## Data block
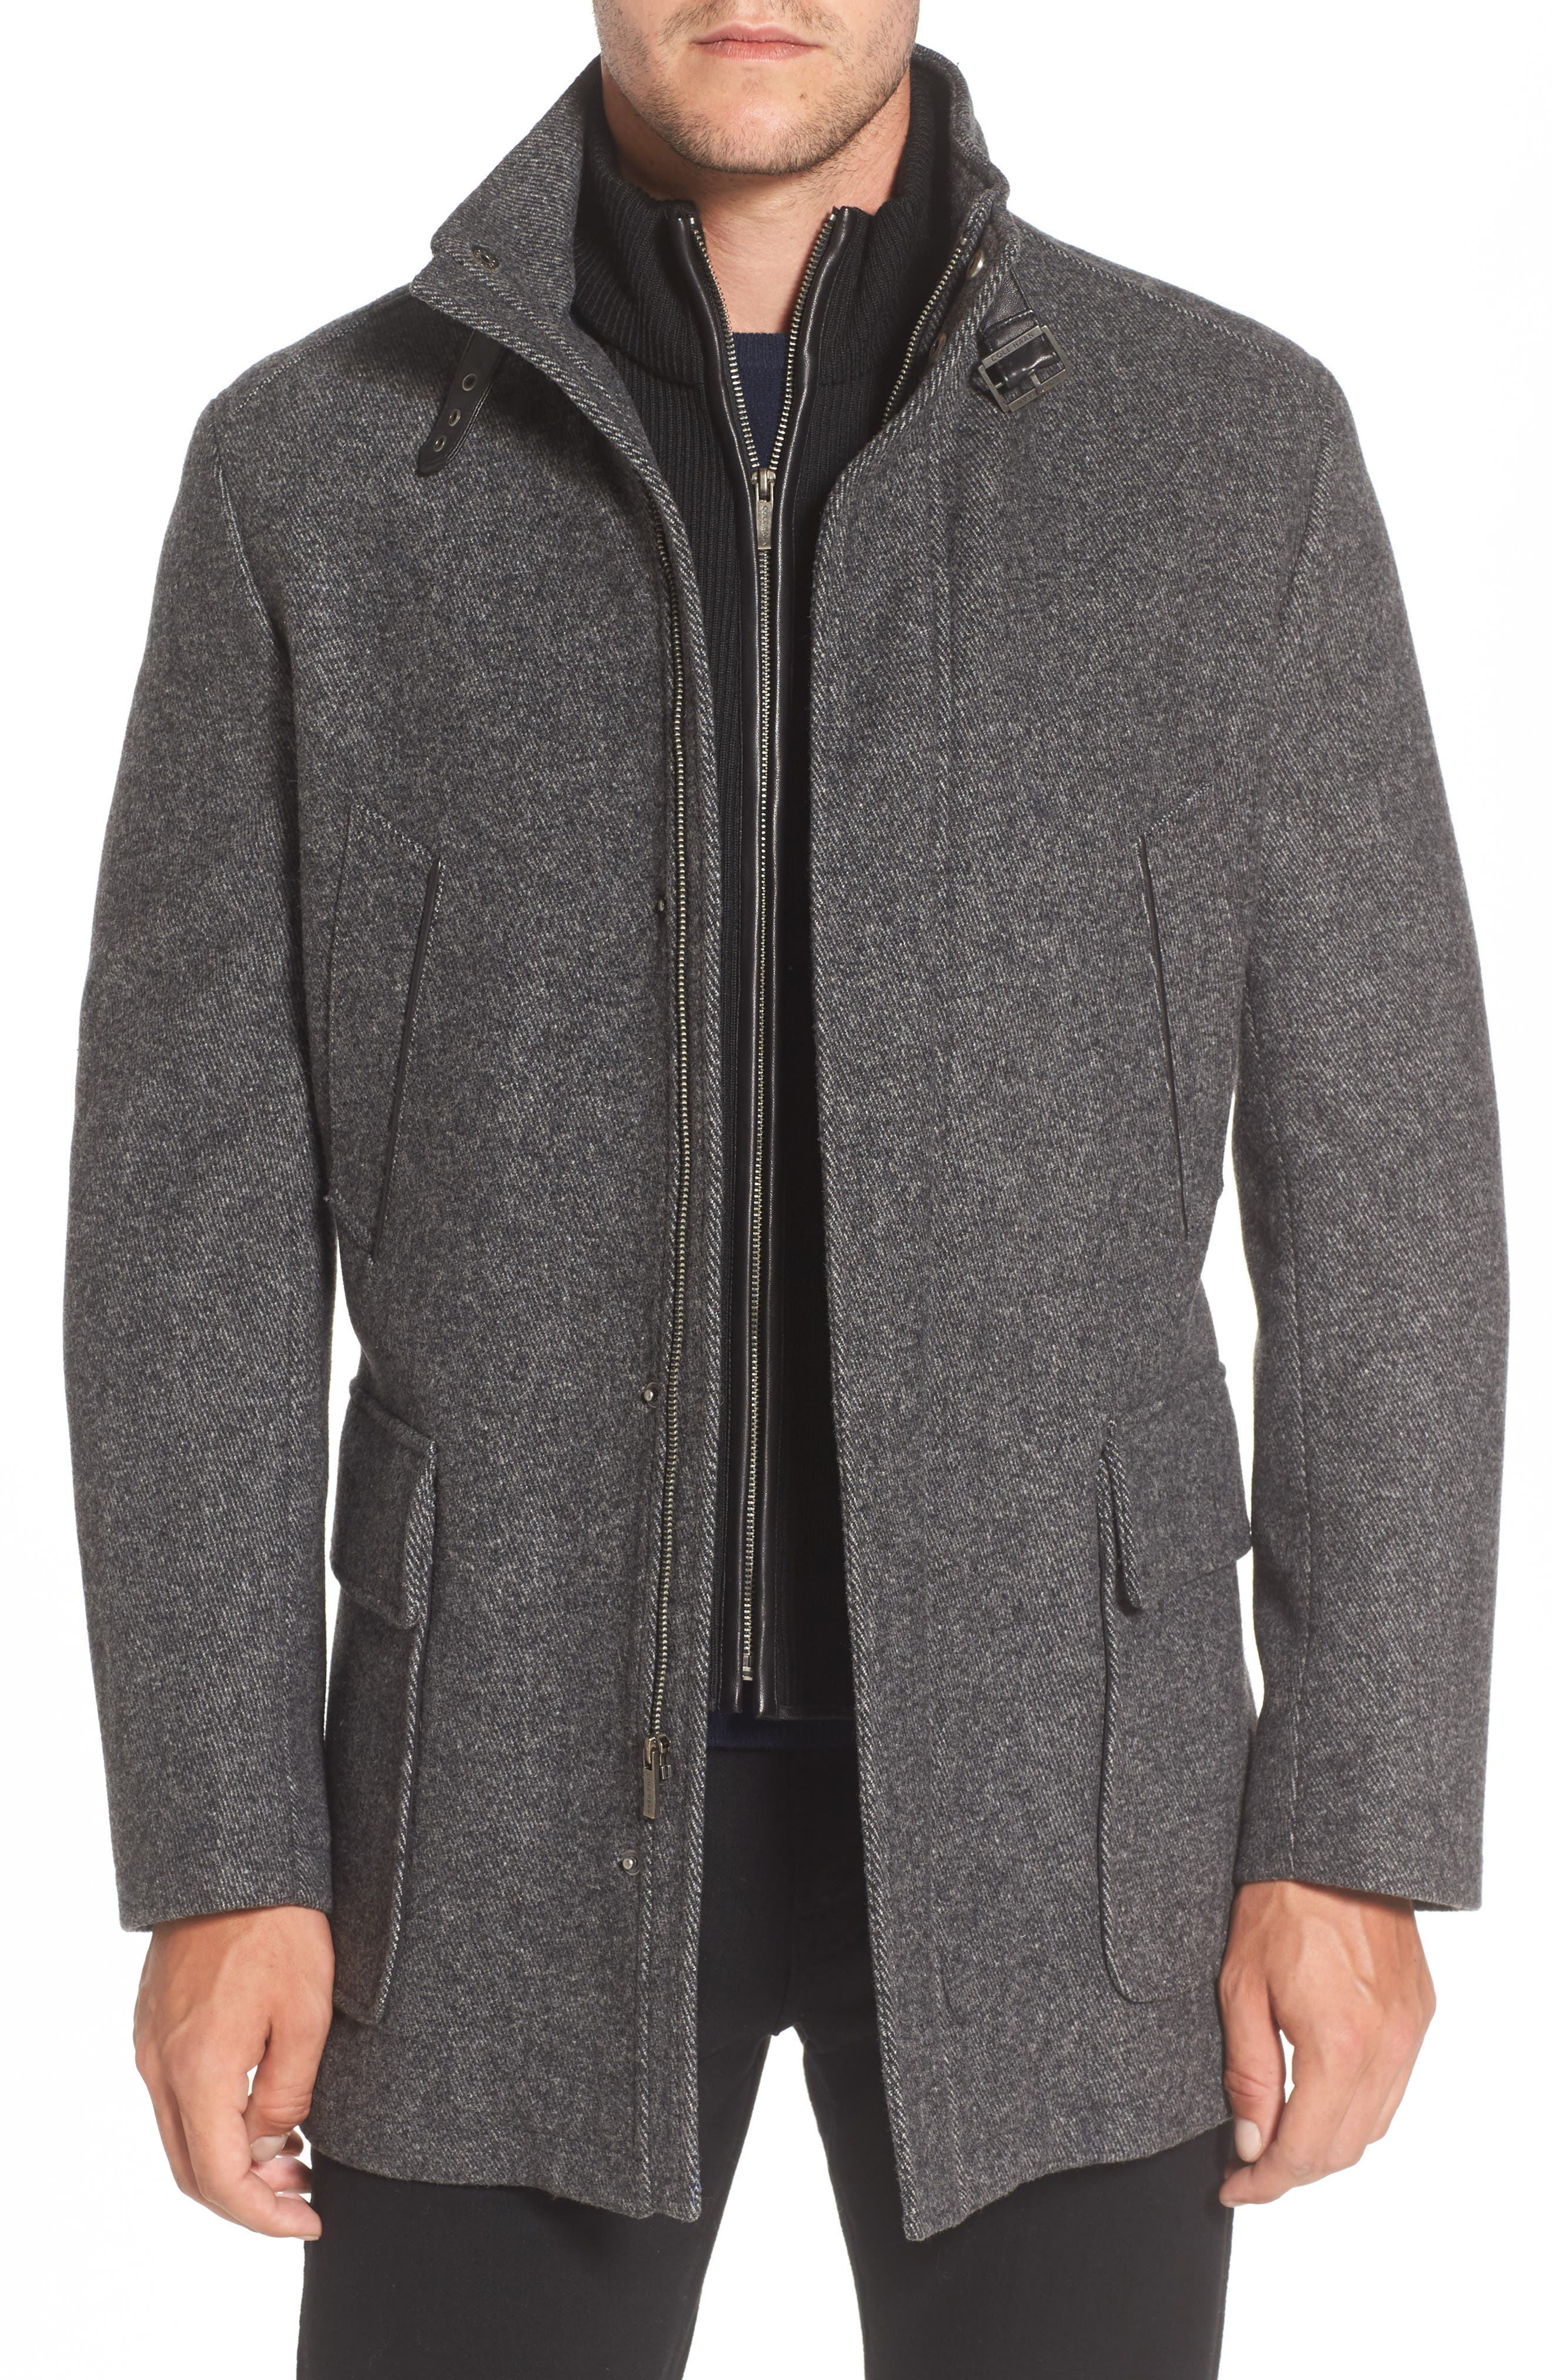 Wool Blend Car Coat with Removable Knit Bib,                         Main,                         color, Melange Graphite
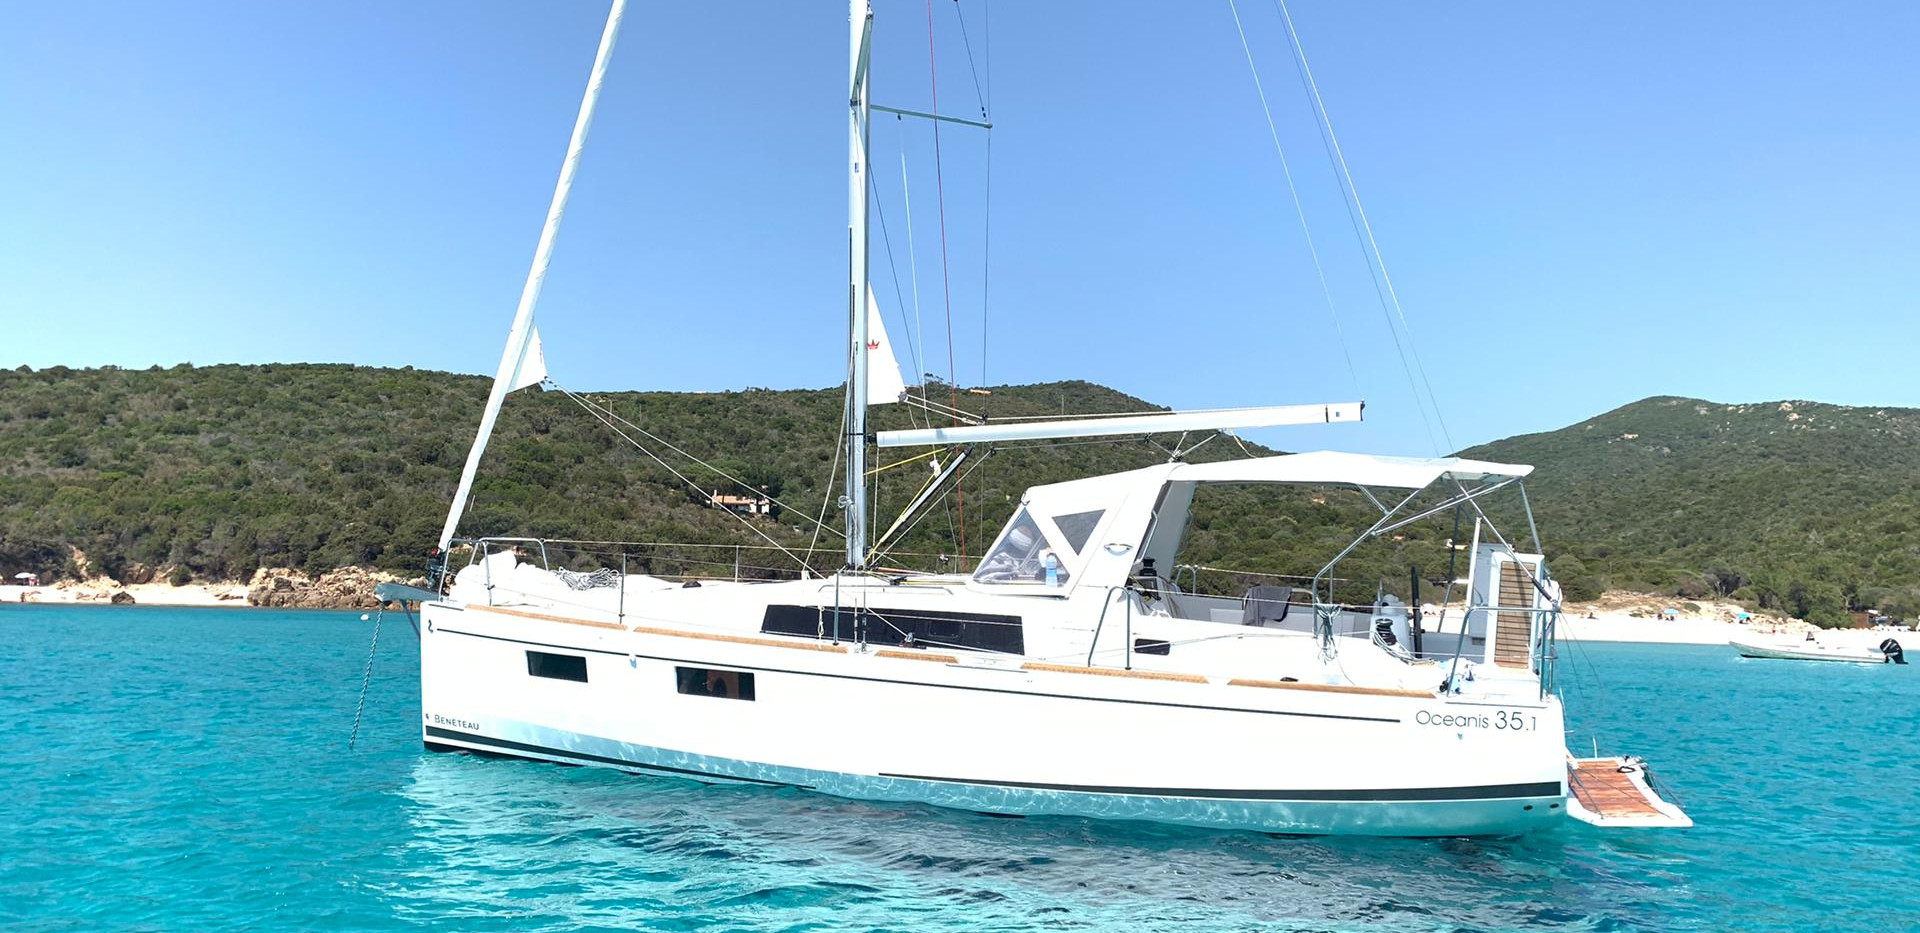 Sailing in corsica
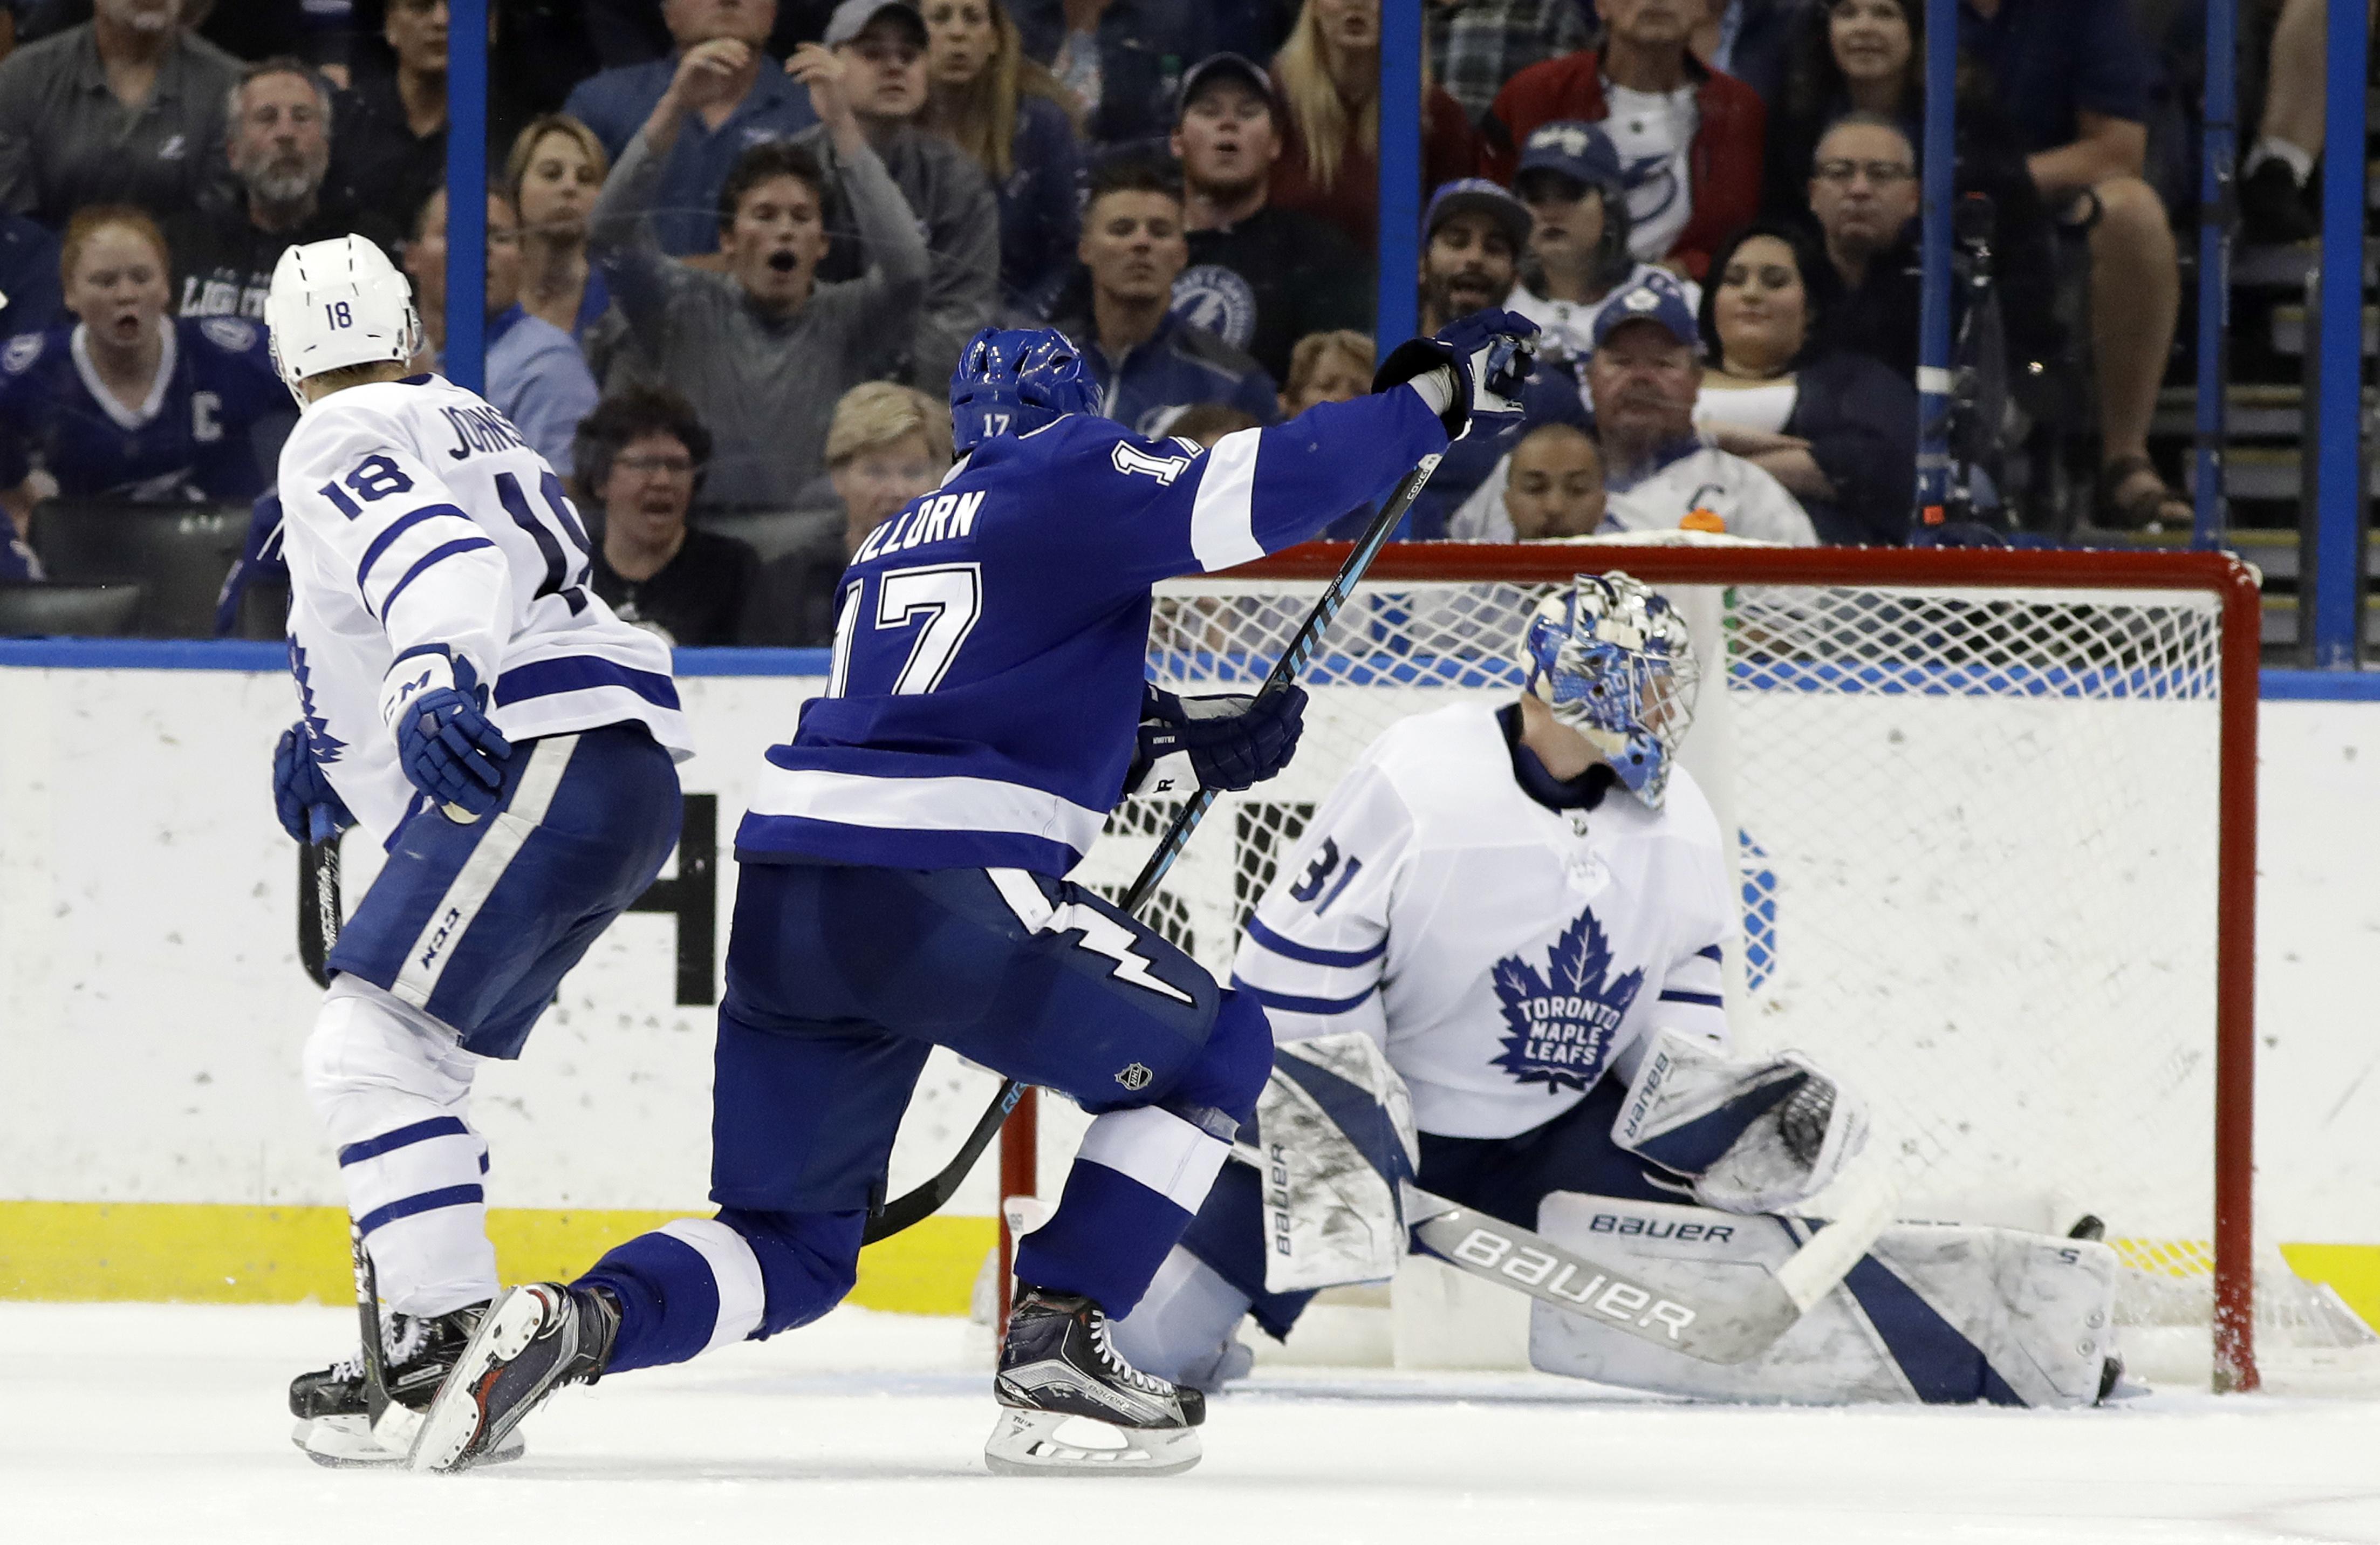 Maple_leafs_lightning_hockey_04887

## What is expected
Quote in full the listing given above; the images are to be left out.

## Reply to the exercise
 Wool Blend Car Coat with Removable Knit Bib,                         Main,                         color, Melange Graphite
 Sailing in corsica
 Maple_leafs_lightning_hockey_04887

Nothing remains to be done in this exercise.